I'm about to take my first hitch hiking trip from Gainesville to Lexington. My plan is to take 75. I know big cities are supposed to be rough to get through, but I have plenty of time. I assume Atlanta will be my biggest obstacle. 

Any tips or advice for this trip?

Thanks


----------



## condemnedtodrift (Mar 23, 2009)

Lexington what? 

1) Don't get dropped off inside a city (unless you wanna explore). Get an exit guide & try to get let off in a high traffik area. (fast food, truck stop, hotel, ect...)

2) Don't jump the gun on bullshit rides to some unknow exit 3 miles down the road. Even if you've been waiting a while, if yr in a good spot, wait for a decent ride.

3) do yr best to stay OFF the interstate proper. Cops suck. nuf said. Most states don't mind you being on an on-ramp (digihitch is a good resource for state legislature)

4) If you run into homegaurds, don't go back to their camp if you have to overnight an on ramp. Find yr own spot.

5)Try not to get let off @ intersecting highways. Rest areas are also hit or miss. There's almost always a trooper on duty, and the groundskeepers are generally assholes. If yr ninja, with a little luck you can get good rides here. especially if you don't look too intimidating.
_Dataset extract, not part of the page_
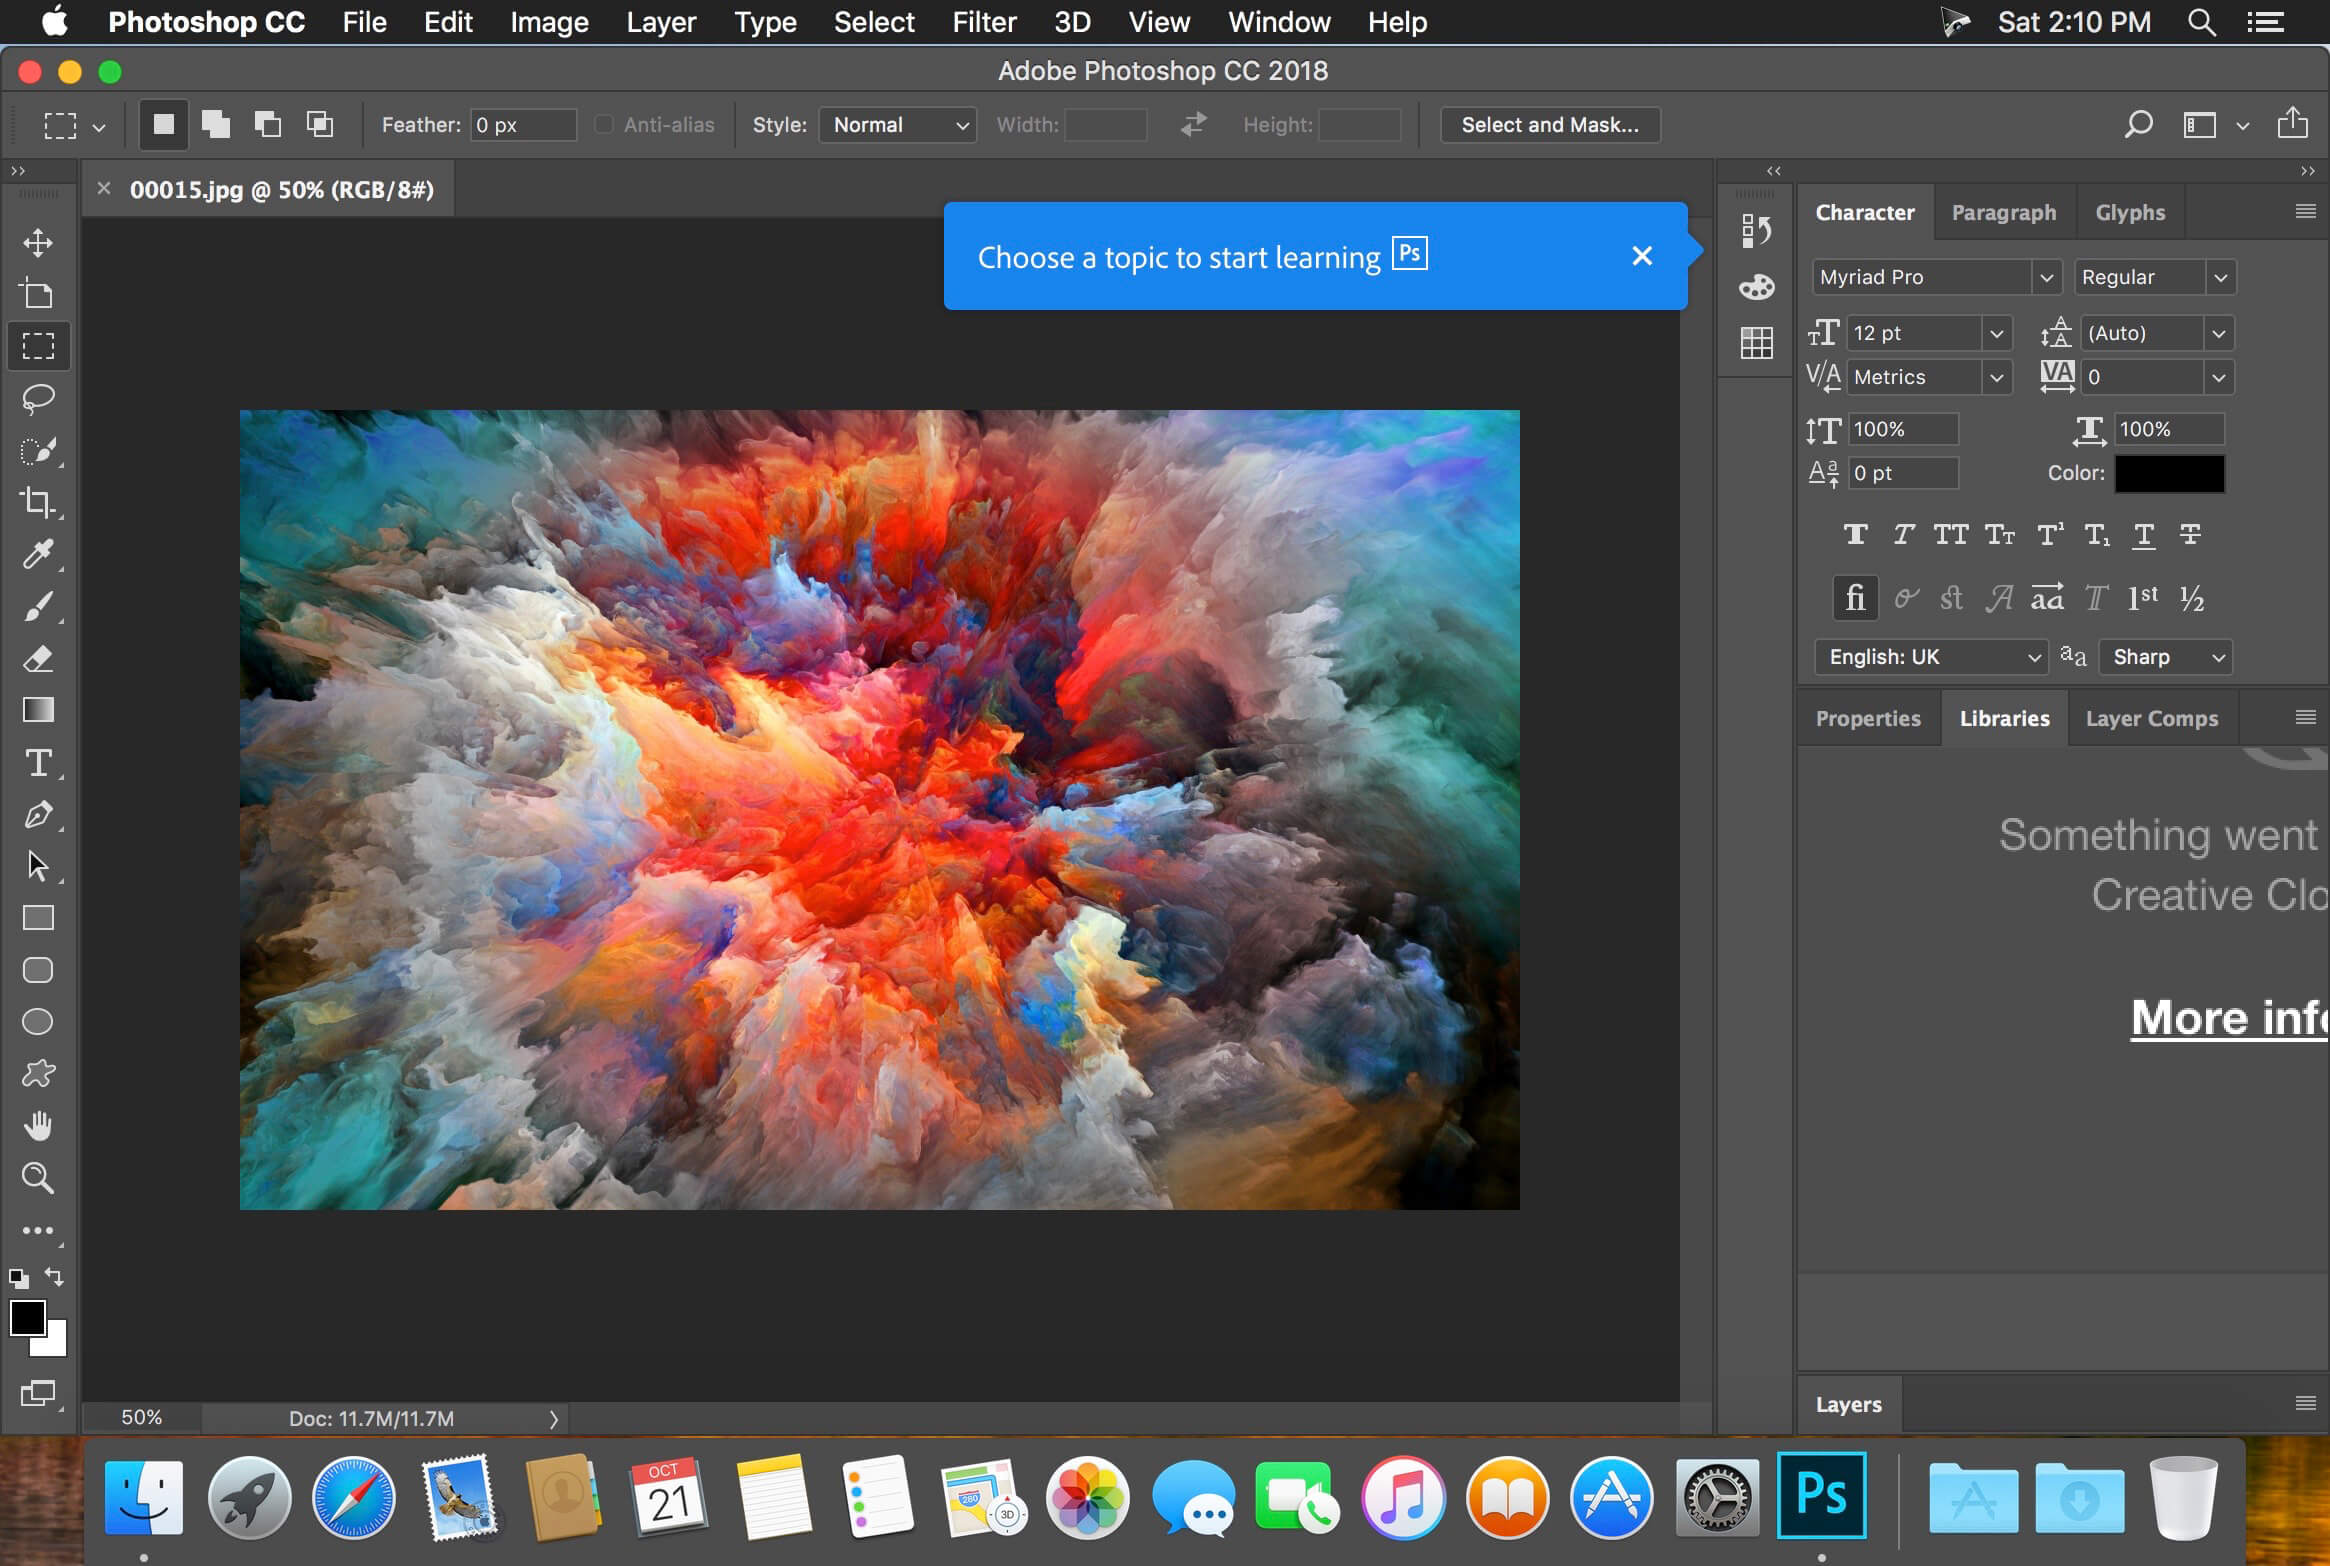 Adobe Photoshop CC 2018 v19.1.6 download | macOS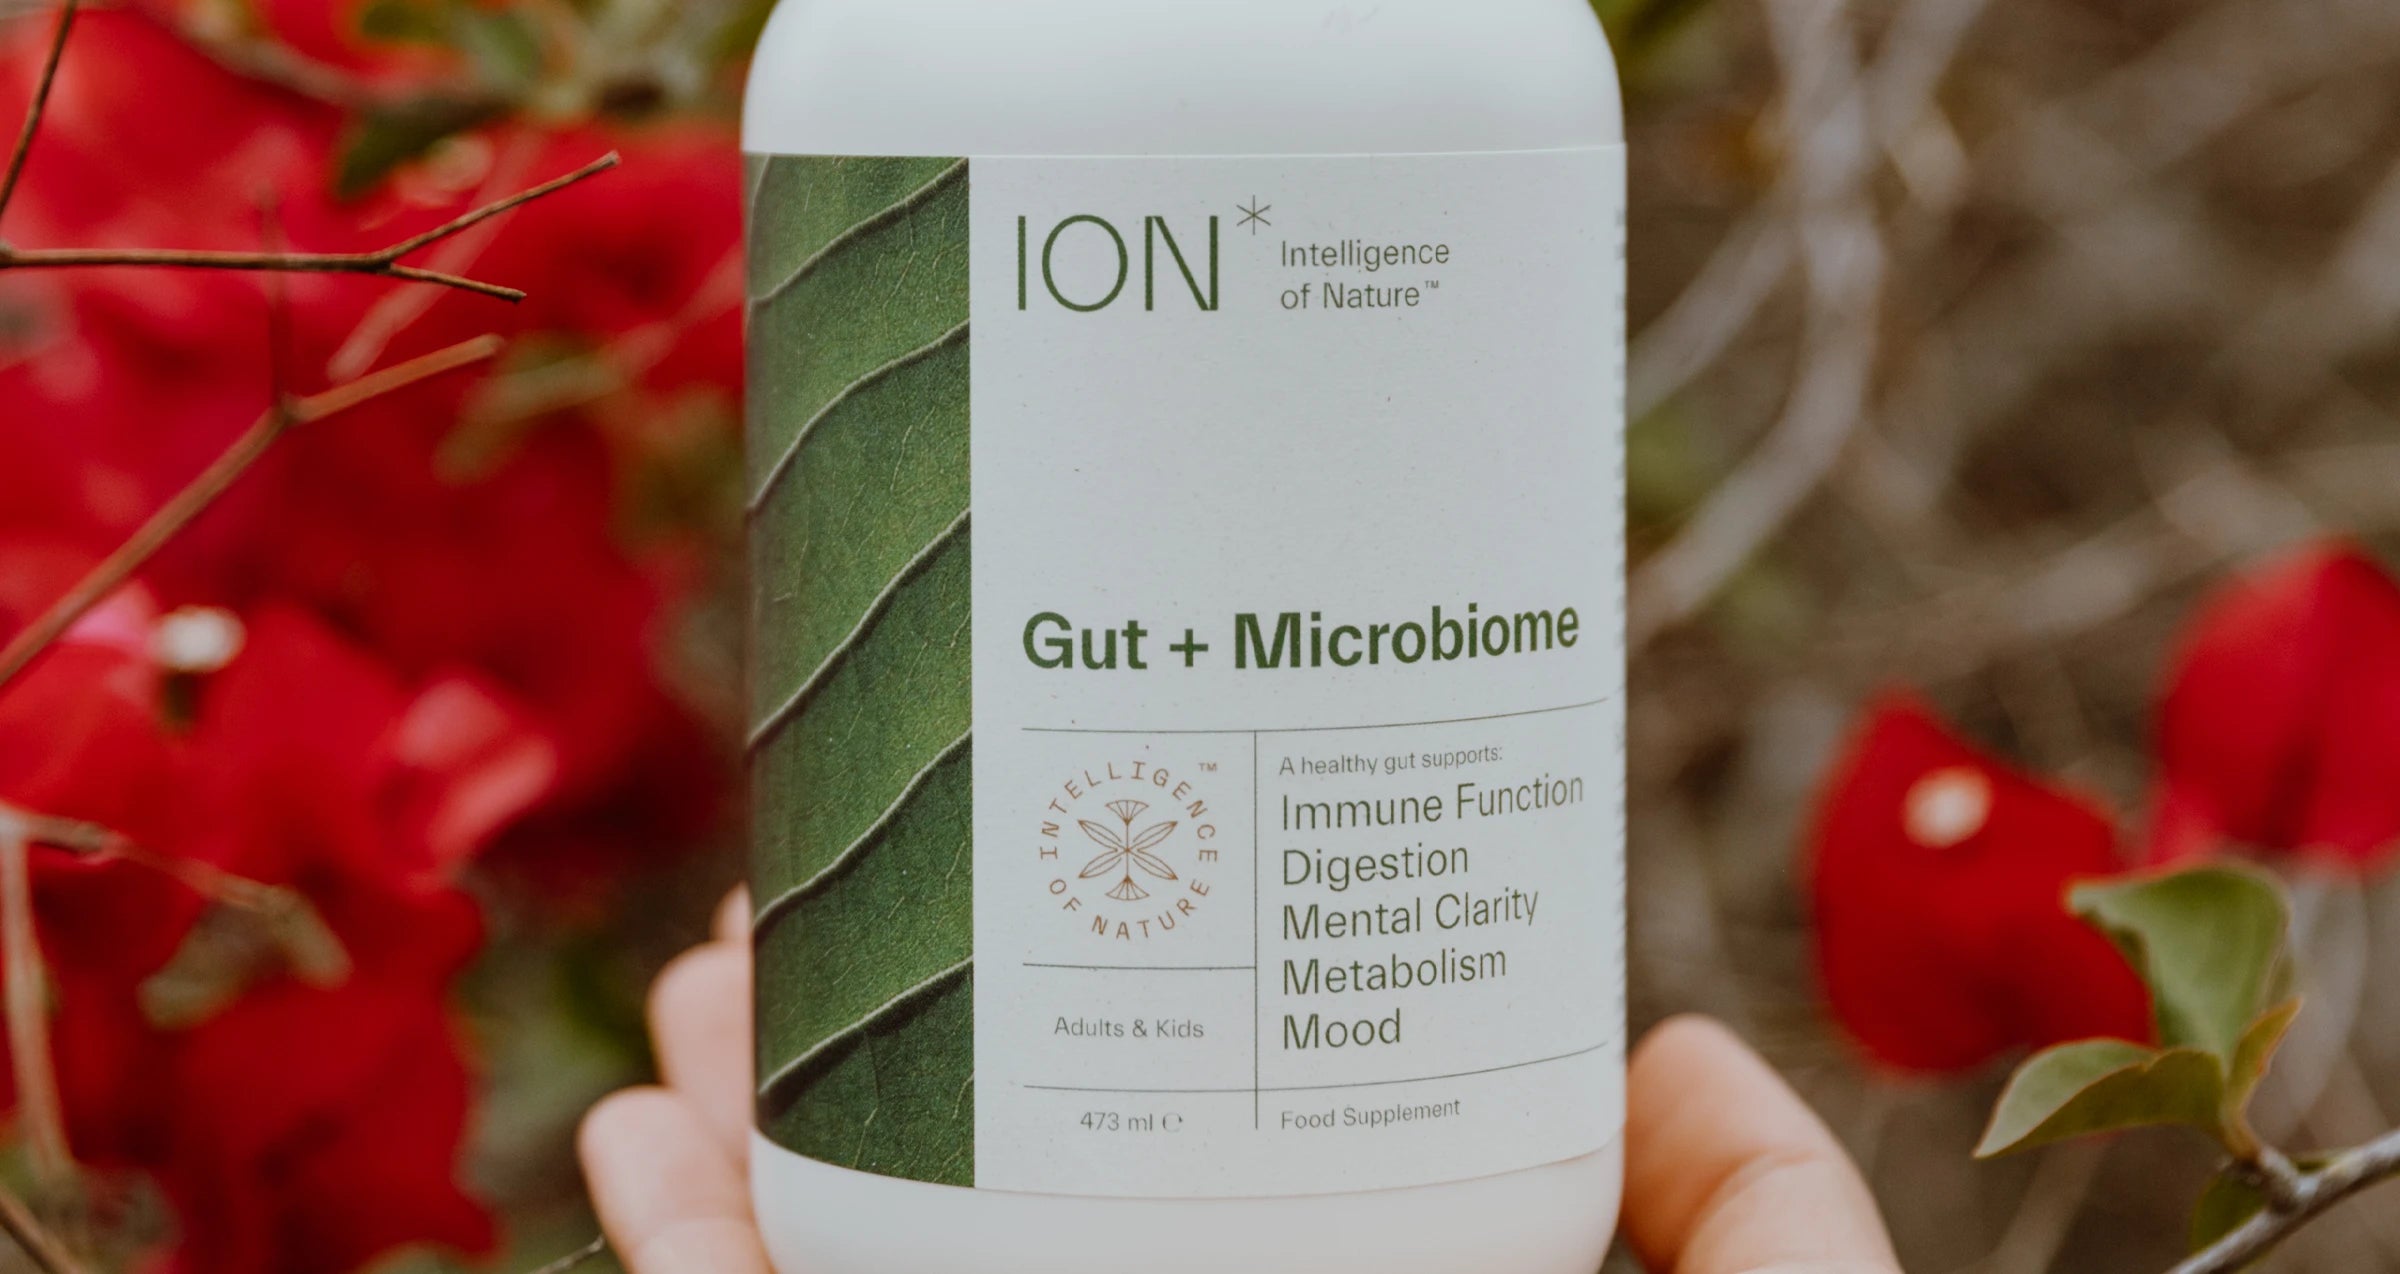 ION* Gut + Microbiome

Most importantly: have fun, be safe, and get ready for a sunburn & hours of frustration. 

oh, and be entertaining. A lot of times, if you tell a few jokes & stories/play into the wide eyed vagabond adventurer archtype, you may just get a few kickdowns.


----------



## zachdotcom (Mar 23, 2009)

Lexington, KY. oops!

Thanks a lot for all of the advice.

Is an exit guide like a AAA thing? Or something I could find at a bookstore?


----------



## IBRRHOBO (Mar 23, 2009)

If you would take the time to post some information about yourself, we would consider picking you up in Knoxville (on the I-75) and possibly getting you to Lexington. Balls in your court.


----------



## veggieguy12 (Mar 24, 2009)

Watch out for his Zone Defense!


----------



## yyyoshiii (Apr 7, 2009)

Yea, wheres the best place to get outta gainesville. Course im only goin to Jacksonville which is only like 2 hours north. But still. 
Do i just hang around a gas station near my road of choice? and like..i guess id stick to asking women....
i dunno.


----------



## stove (Apr 7, 2009)

yyyoshiii: Depends on where you're looking to go, really. If you're trying to go a distance on the interstate, the onramp next to it is a decent place IF THERE IS ROOM FOR SOMEONE TO STOP. Otherwise, if there is an intersection with a stop light nearby, those aren't too bad. Gas stations in the vicinity can work if there are only a few options for people driving out. I generally prefer to fly a sign instead of approaching people in the US, as most people in this country get hella intimidated and/or angry at 'strangers' approaching them. It's kinda riddiculous, but that's life.


----------



## Beegod Santana (Apr 7, 2009)

I used to follow most of the suggestions listed on here when it came to hitching (stay in high traffic areas, use a sign, ect...) but recently I've been finding that I have the best luck being in the middle of nowhere and talking to locals. Most truckers can't pick you up these days, and after more hitching than I like to think about, I've still only been picked up by one in my life. Asking people at gas stations works pretty well for me. Just be friendly, don't talk to people who scowl at you, and leave someone alone if they seem weirded out. Signs almost never work for me, but making them helps pass the time. If you get really stuck, just walk onto the interstate, wait for the cops, explain your situation, and often times they'll give you a ride to a better spot. Taking short rides has landed me in some of the coolest places I've ever been (the moonshine capital of the world comes to mind) so I'm personally a fan of taking almost every ride, just beware of the scent of burning plastic.


----------